Обычная для каждого нормального человека надежда на благополучный исход в самой безнадежной ситуации.
И почти тут же, совершенно в стиле Дюма, ожидаемое случилось.
Шестаков сообразил, каким образом вступить в контакт с товарищем и договориться о дальнейших действиях. Благо оба они служили на царском флоте, где и новобранцев-матросов, и гардемаринов в корпусе учили одинаково хорошо.
Он нащупал носок унта Власьева и начал пальцем выстукивать на нем азбукой Морзе:
– Я здесь. Как понял, ответь.
Власьев испытал не просто вспышку радости от того, что не обманулся в своих ожиданиях и надеждах. У него, словно в скоротечном бою, пошел перебор вариантов – как с наибольшим успехом и эффектом использовать последний шанс.
Заключенные теснились в темном ящике, возились, толкались, вскрикивали и спорили, будто не ждала их в ближайшее время печально известная Владимирская тюрьма, где и эта тесная клетка будет вспоминаться с тоской. Ведь какая-никая, а жизнь пока еще дорога.

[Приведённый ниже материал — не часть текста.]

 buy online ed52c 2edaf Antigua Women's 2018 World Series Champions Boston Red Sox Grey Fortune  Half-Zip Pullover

Поэтому, приняв сигнал, Власьев ответил так, чтобы и Шестакову понятно было, и в контексте обстановки звучало естественно.
Ткнул локтем в бок соседа:
– Ну, че ты растопырился, понял, нет? Сидим, бля, как кильки в банке. Ни повернуться, ни дух перевести. Что за толпа, ни одного вора с понятием. Или есть? Счас рассветать начнет, будем разбираться или как? – и движением ноги ответил Шестакову, что все понял и ждет дальнейшего.

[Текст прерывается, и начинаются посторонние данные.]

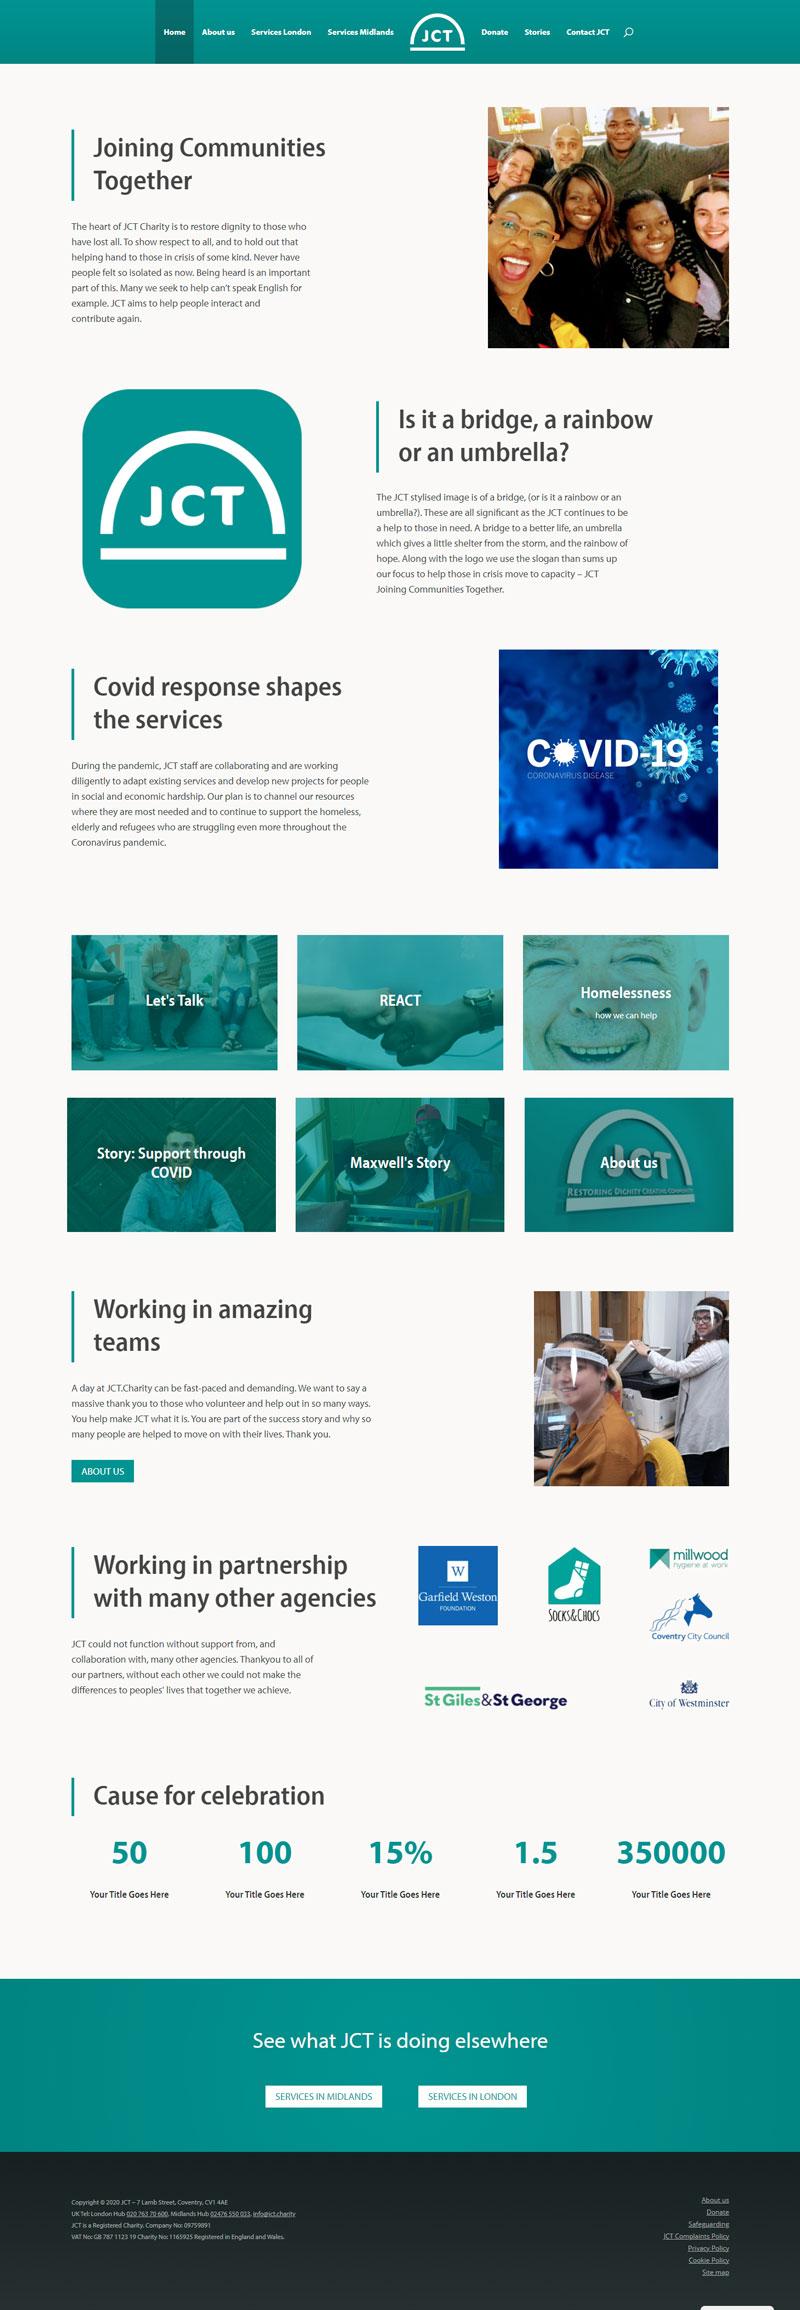 JCT homepage
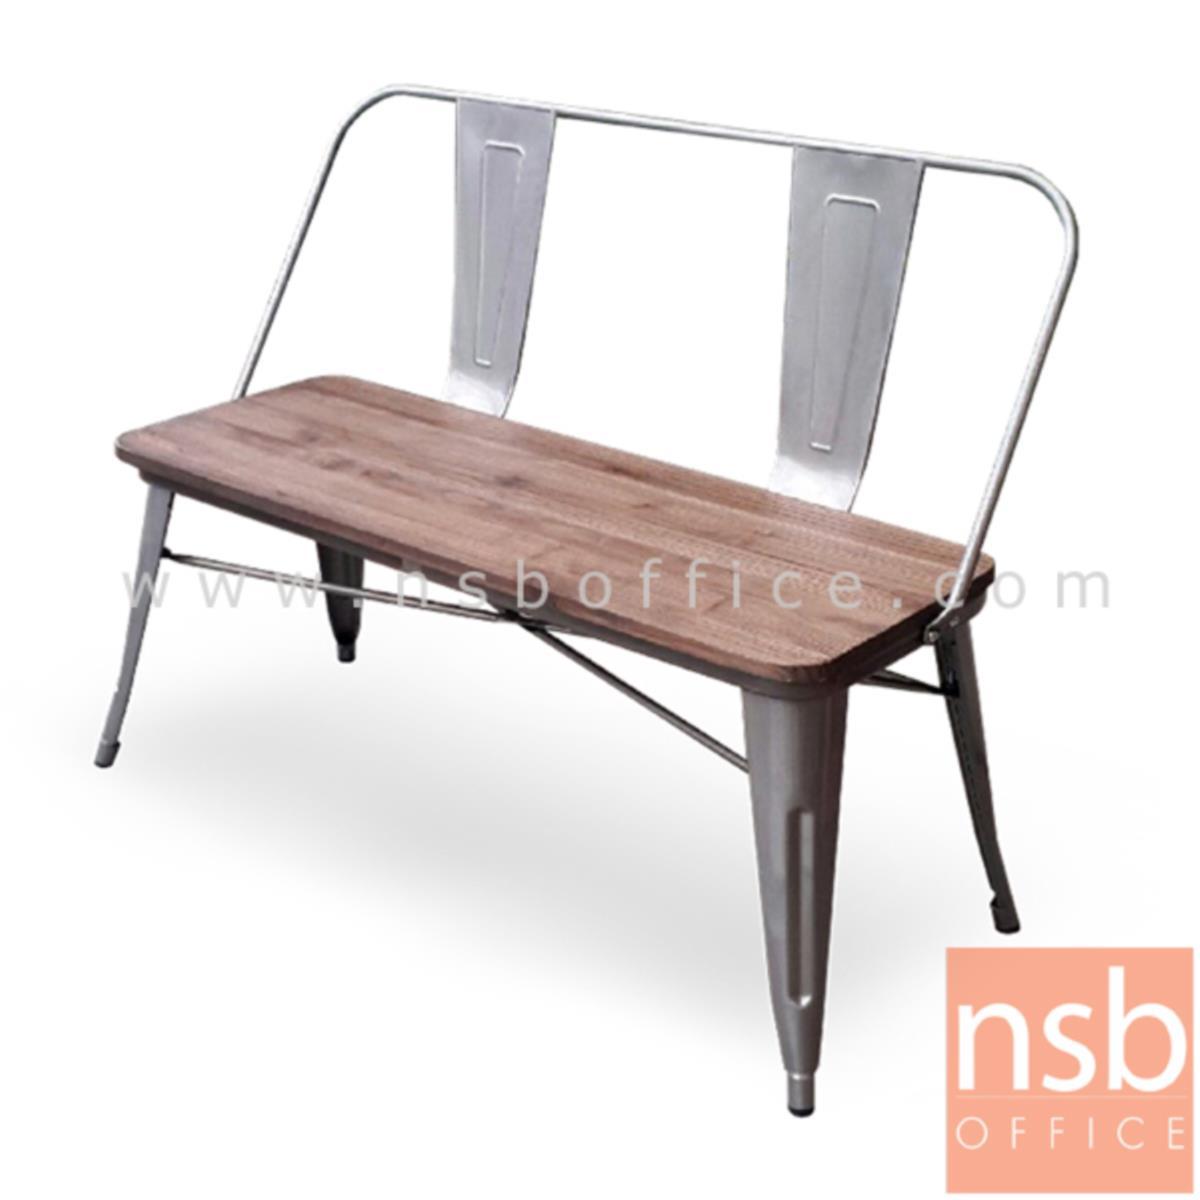 G08A243:เก้าอี้สนามโมเดิร์นโครงเหล็ก  รุ่นGMP-9289  ที่นั่งไม้

Пока нарком составлял в уме короткую и емкую фразу, которой следовало сообщить Власьеву линию поведения, откликнулся вроде бы даже мягкий, но ощутимо авторитетный голос из противоположного угла.
– Еще один законник? Кликуху дай.
– Сам назовись, – ответил Власьев. – Мою кликуху, если кто и слышал, так давно в земле лежат. И мы сейчас на смерть едем, если кто не понял еще. Ты из каких?
Человек напротив вдруг смолк. Даже Шестаков слышал, как он задышал неровно. Наверное, понимал в психологии, на своем, конечно, уровне, и тоже уловил дуновение надежды. Или чего-то другого.